Up to FIX.4.4, the header contained three mandatory fields (beside a few dozen optional ones): 8 (BeginString), 9 (BodyLength), and 35 (MsgType) tags.

Every Single msg (session or app) has a tail, containing a single tag (10) ie the checksum.

==> Given a long string, how do you carve cout a full message (session or app)? Look for 8= and 10=

I feel head/tail =~= tcp envelope, and Body =~= payload

sequence num ] FIX

Sequence num can be considered part of the header for many app messages. It’s a control device. I consider it as a session-related tag on a non-session message.

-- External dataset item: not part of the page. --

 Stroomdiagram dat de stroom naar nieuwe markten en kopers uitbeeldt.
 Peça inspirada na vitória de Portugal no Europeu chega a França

Officially, sequece num is NOT part of the header. Up to FIX.4.4, the header contained three fields: 8 (BeginString), 9 (BodyLength), and 35 (MsgType) tags.

There are several tags about sequence num:
(34) MsgSeqNum Integer message sequence number.
(36) NewSeqNo New sequence number
(43) PossDupFlag Indicates possible retransmission of message with this sequence number
(45) RefSeqNum Reference message sequence number

https://drivewealth-fix-api.readme.io/docs/resend-request-message describes a resend request message i.e. a 35=2 message, containing —

(7) BeginSeqNo and (16) EndSeqNo specifies the requested messages

FIX session^app messages


I feel even an app message has session-related tags.

Top-down learning of the FIX tags:

* learn basic fields of head and tail — see another post
* learn basic message types (msgType or Tag 35) within session messages aka session messages
** remember — Each session starts with a _session_ message LOGON and ends with session message LOGOUT
*** LOGON is a full message with a head containing a field msgType=A meaning LOGON

* learn basic message types (msgType or Tag 35) within _app_ messages
** learn basic Execution Report (35=8), the most common app message
** learn basic trading scenarios consisting of FIX dialogs

FIX common app message types

This post is about “Business / Application messages”, not “session/admin messages

http://en.wikipedia.org/wiki/Order_(exchange) — different order types

common tag=value pairs

35=D — msgType = NewOrderRequest
35=8 — msgType = executionReport
35=G — msgType = requestForCancel/Replace
12=0.05 — Commission (Tag = 12, Type: Amt) Note if CommType (13) is percentage, Commission of 5% should be represented as .05.

Used in:

* Quote Status Report (AI)
* Quote Response (AJ)
* Quote (S)

FIX session is like TCP + sqlplus

Each session starts with an session-message LOGON and ends with session-message LOGOUT. Session-messages are also known as “admin messages”. Main purpose is session management and flow control as in TCP

To maintain the session, I think FIX uses not only the session messages — each app message also has session-related tags like (10)checksum, (9)bodyLength and (34)sequence numbers — used to maintain a session between client and server.

retrans-request — is a message to ask for a resend of a missing message

heartbeat messages — between 2 parties

FIX keywords and intro

tag=value, where tag is always a number, and value is often char(1) — Both need the dictionary for interpretation.

Whenever there’s an enum of possible values, FIX would encode them into very short codes (often char(1) ). As a result, encoding/decoding using dictionary is prevalent.